Susan L. Shirk. Overreach: How China Derailed Its Peaceful Rise. New York: Oxford University Press, 2022. $29.95.
Gaurav Chauhan

Overreach: How China Derailed Its Peaceful Rise argues that China’s leadership is the one responsible for bringing backlash on themselves by overreaching. Shirk open ups the black box of Chinese politics to investigate China’s behaviour both at home and on the world stage. What makes her work different from the present conventional understanding is that she traces back the roots of overreach right from the mid-2000s, Hu Jintao (2002-2012) era. In Shirk’s previous book China Fragile superpower, 2007, she had noted the cracks in Hu’s leadership both on the domestic and international stage. Her conclusion was, “it is China’s internal fragility, not its growing strength that presents the greatest danger. The weak legitimacy of the Communist Party and its leaders’ sense of vulnerability could cause China to behave rashly in a crisis that brings it into a military conflict with the United States”. Overreach is the extension of her earlier work and intends to link the dots of the power transition from Hu’s era to Xi’s present rule.

Overreach: How China Derailed Its Peaceful Rise is a synthesis of academic articles, Journalists’ articles, discussions with experts, interviews of Chinese veteran diplomats and high-ranking officers (retd.) in Hu and Xi government, and White papers issued by China and US. The book is categorized into ten chapters; the initial six chapters discuss the question of why China pivoted from collective style leadership under Hu Jintao to Mao-style strongman leadership under Xi’s tenure, that clearly dent the Deng legacy. The other four chapters talk about Xi’s centralized rule that prioritized national security over economic development by ignoring the opposition coming from the west and from within the party.

Shirk’s opening remark “New cold war has already begun” set the tone of her scholarly work. She noted this cold war as dissimilar from the previous cold war, this time between the United States and China which are both adversaries and densely interdependent. COVID-19, Russia's invasion of Ukraine, and US stance on Taiwan bring more contentiousness between the two. Today both nations are nervous of one another that one of them might weaponise this interdependence. In the post-Mao era, China was fated to stay on collective leadership on the lines defined by Deng Xiaoping but it was the failure of Hu leadership under whom the oligarch's power in the party was used to benefit their economic interest at the expense of the country's growth. Under him, China derailed its peaceful rise by overreaching. As a result, Xi’s policy was deemed as if he was striving to reverse the policy blunders that were done in Hu’s government by disbanding the collective leadership and by resorting to a rigorous anti-corruption movement. His resolute actions earned him the same popularity and legitimacy that was once held by Mao Zedong, thus offering him an open hand to pursue even more proactive policies that serve national interest (National security in Xi’s view).

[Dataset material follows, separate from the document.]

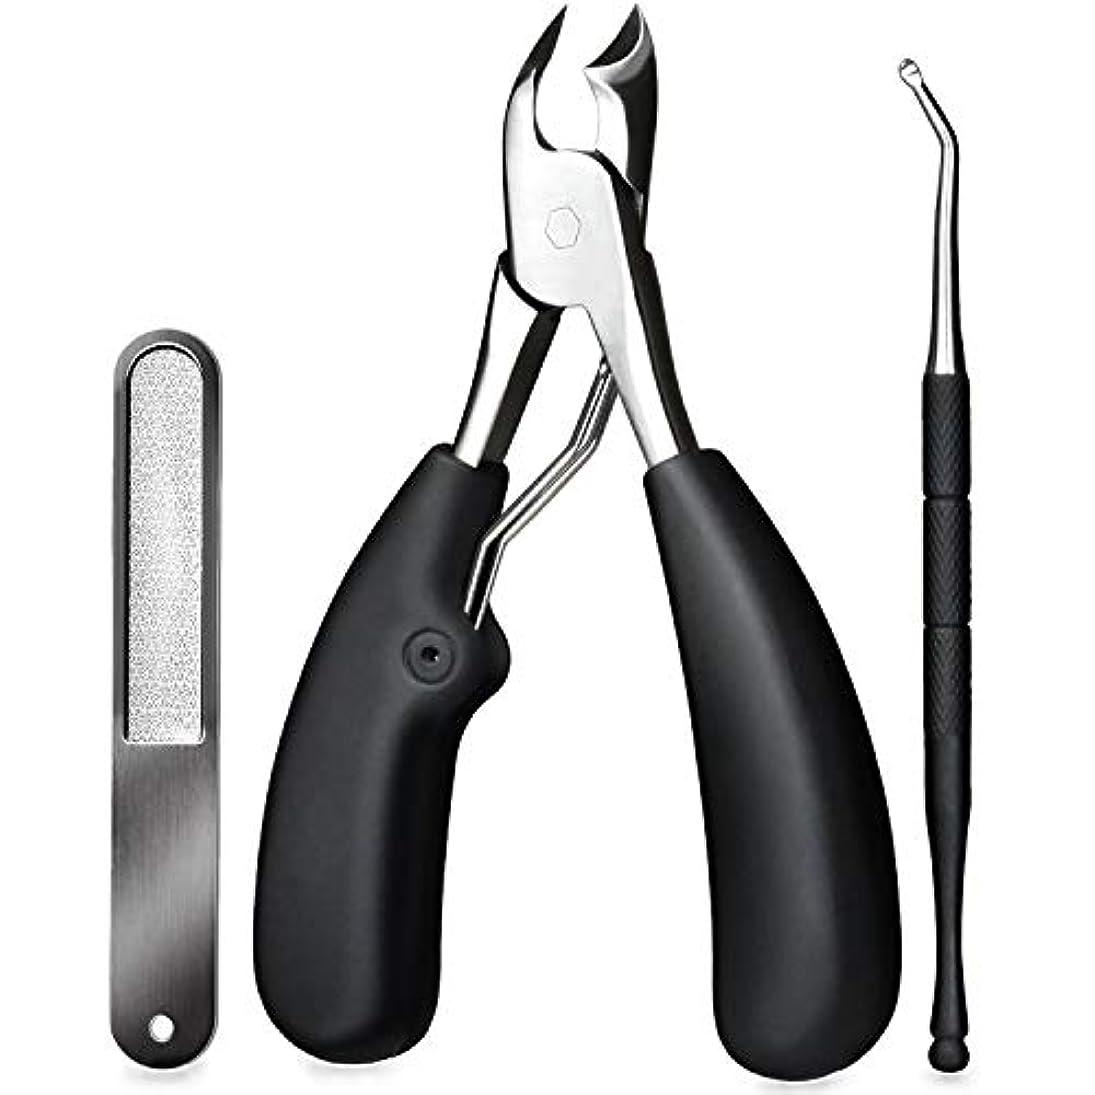 スリーブシネマ透過性爪切りー 巻き爪 硬い爪などにも対応、ゾンデと爪やすり付き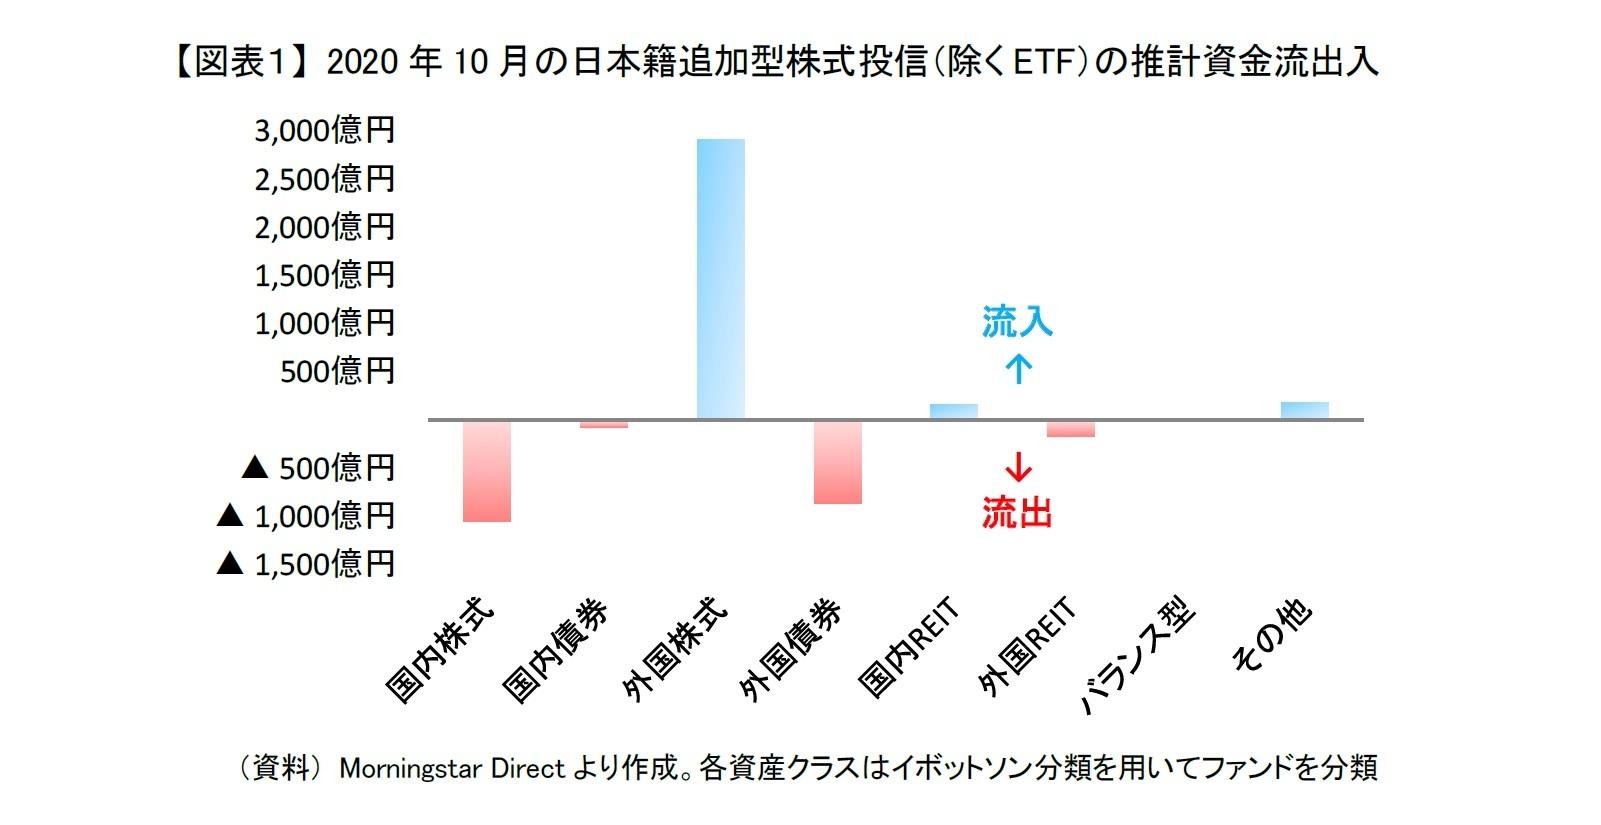 【図表1】 2020年10月の日本籍追加型株式投信(除くETF)の推計資金流出入

Shirk argues that the leadership style of Hu Jintao and Xi Jinping have clear stark differences but both of them are equally apprehensive about the fragility of CCP rule in a constantly changing Chinese society, and the danger from domestic problems. Despite being the economic and the military powerhouse a state of paranoia haunts Xi and his party rule. It could be visible in the “Zero-COVID policy”. Even after the mass vaccination programme, quarantine guidelines and government surveillance, extreme control wrecked the social and economic life of Chinese citizens. Shirk argues that one of the grounds behind the autocratic “zero-COVID policy” could be the initial success of the containment policy, in early 2020, from which Xi gained precious legitimacy enough for him to continue another term in the office. The trouble surfaced when Xi took this to an extreme just for the sake of defending his impression even if it cost the country a devastated economy and frustrated population.

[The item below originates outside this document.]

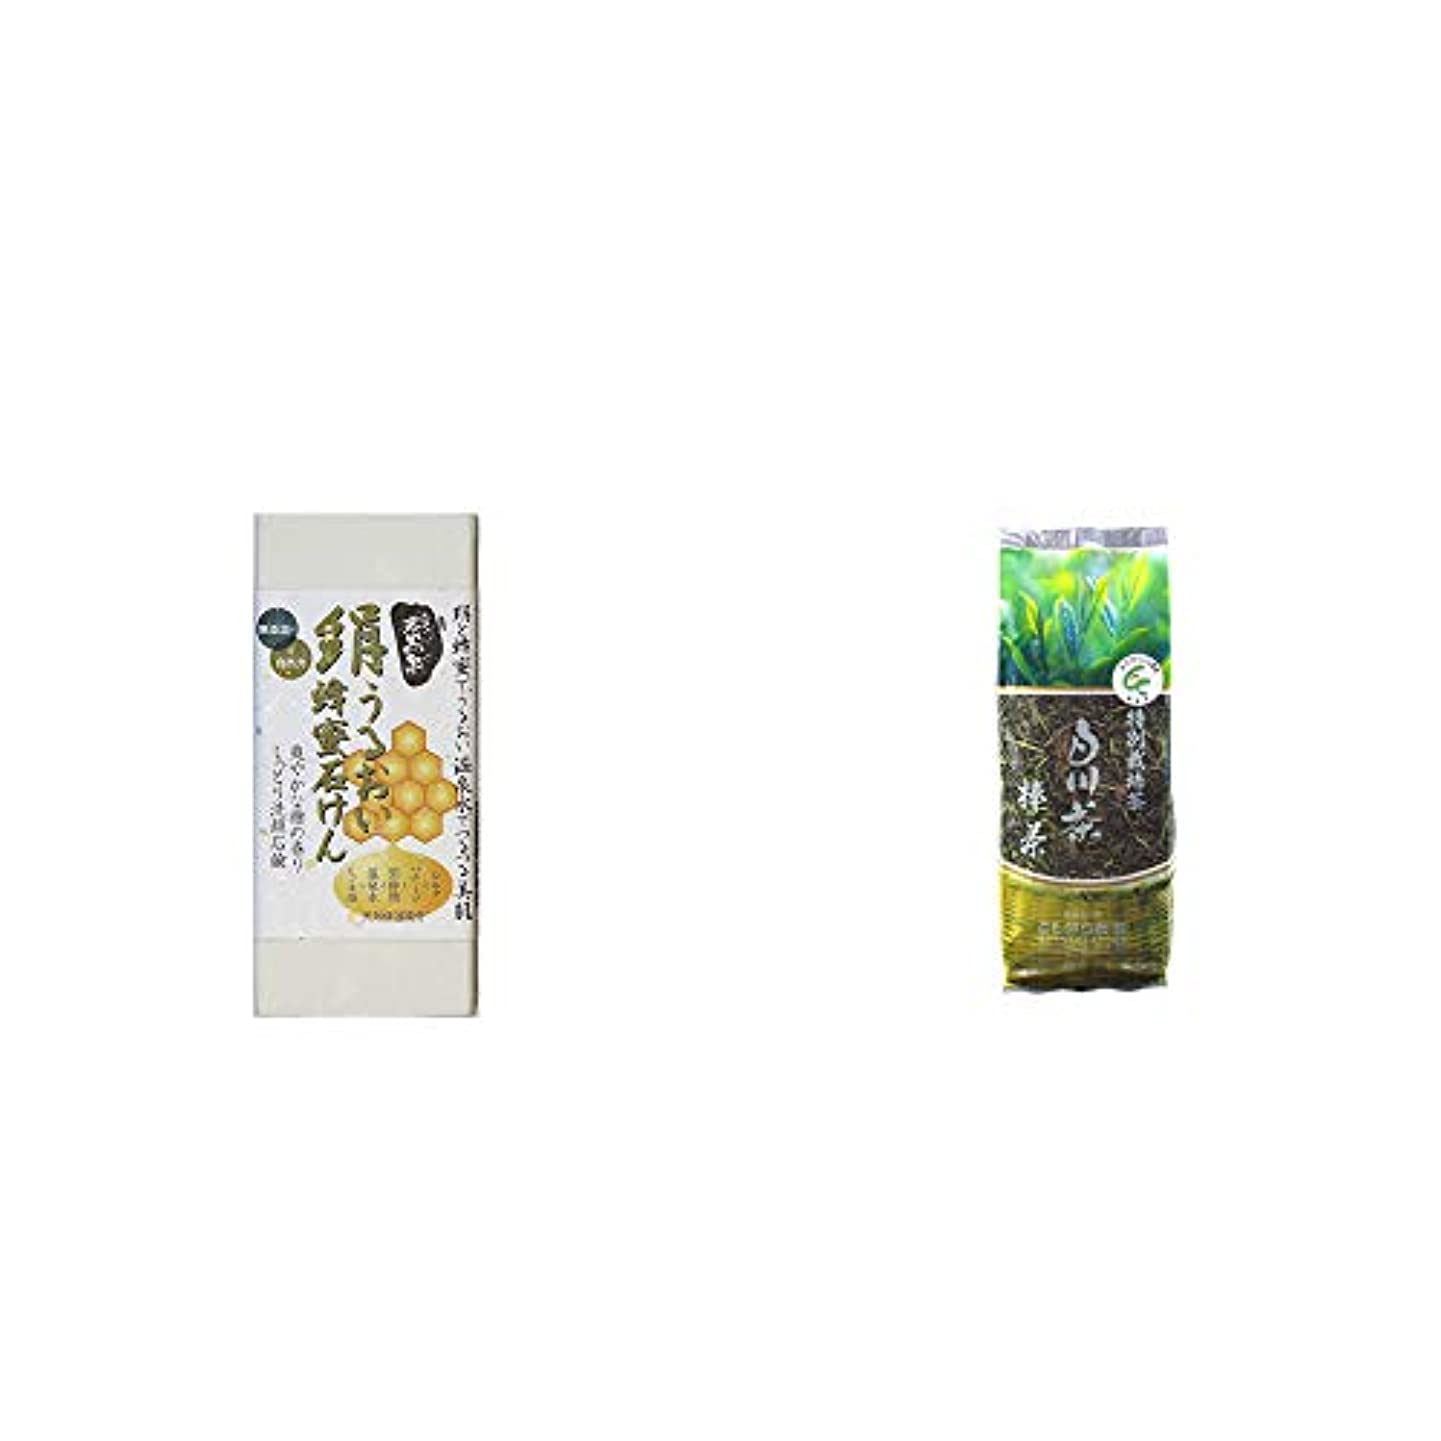 話す機構電気的[2点セット] ひのき炭黒泉 絹うるおい蜂蜜石けん(75g×2)?白川茶 特別栽培茶【棒茶】(150g)

Shirk concluded that “In order to navigate in a peaceful manner China will need to find a mechanism to restrain itself”, she further added that the mechanism will only be a transition to democracy. Although her work is well researched and supported by detailed arguments, what she overlooks here is that the transition is not necessarily always peaceful, especially post Tiananmen. Leaders like Hu and Xi were already worried about party legitimacy in changing social environment. Hong Kong case serves the best here where brutal suppression of pro-democracy supporters took place. In China any type of protest is brutally suppressed be it against long working hours or against Zero-COVID policy, media is heavily censored, there is mass surveillance supplemented by strong sedition laws and oppressive control on social lives. Even if the pro-democracy movement happens, China will be more inclined to move out of its borders and strike externally to bring back legitimacy through patriotic notions, which might create problems for the US and its neighbours. The Galwan incident between India and China could be analysed against the backdrop of this argument. Overreach is a well-structured scholarly work and unique in a way because of its unconventional starting point to access the behaviour of Xi Jinping and his obsession with National security over economic interests. Any young scholar who aspires to understand the motives behind Xi Jinping strongman style leadership can refer to this Book.